EXERCISE » Of the lines in the data below, write out exactly those from the one holding "Fabrique-du-noir_Virgine Chaloux-Gendron_Noroit.jpeg" through the one holding "Cómo instalar un", both included.
··· DATA
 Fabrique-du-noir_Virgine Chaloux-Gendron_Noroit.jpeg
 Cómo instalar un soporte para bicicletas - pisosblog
······
··· DATA
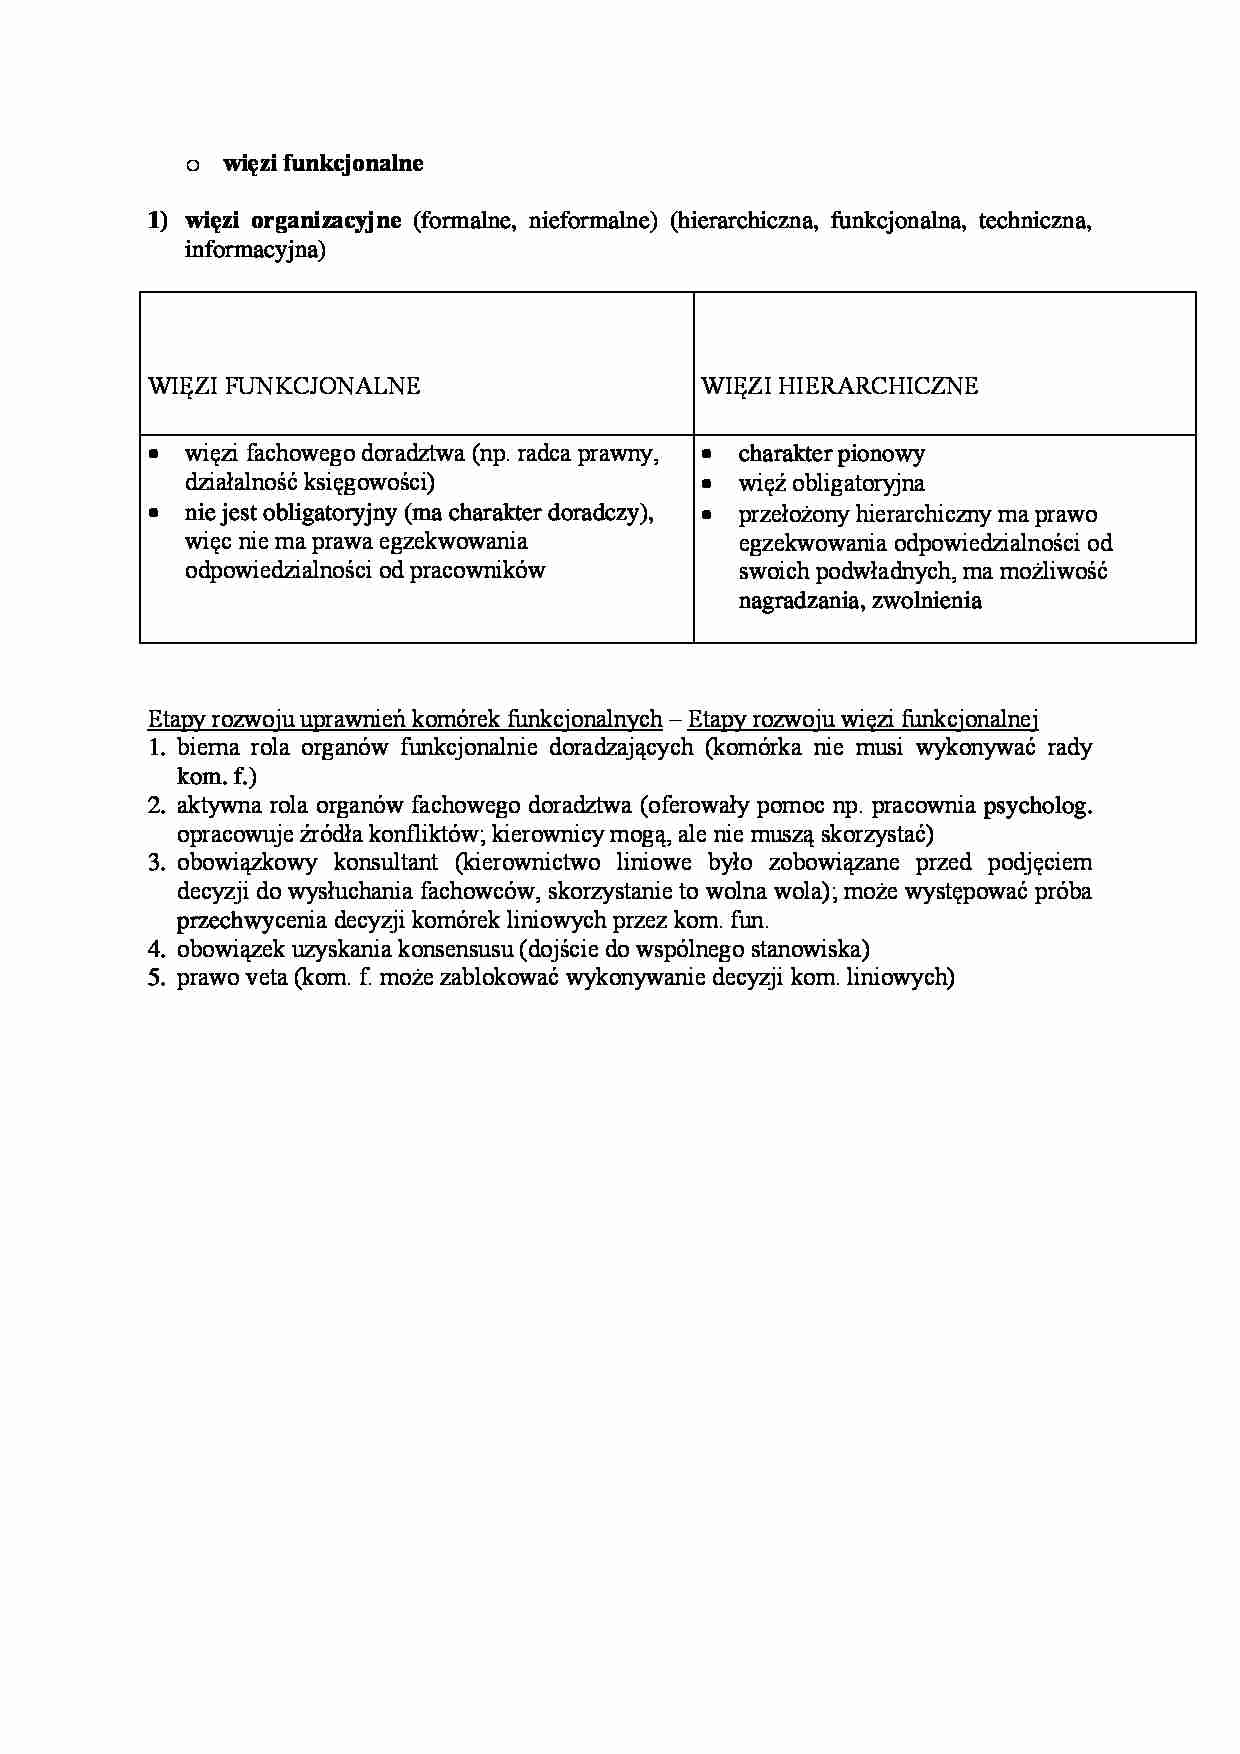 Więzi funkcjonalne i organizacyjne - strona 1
······
ANSWER SECTION »
 Fabrique-du-noir_Virgine Chaloux-Gendron_Noroit.jpeg
 Cómo instalar un soporte para bicicletas - pisosblog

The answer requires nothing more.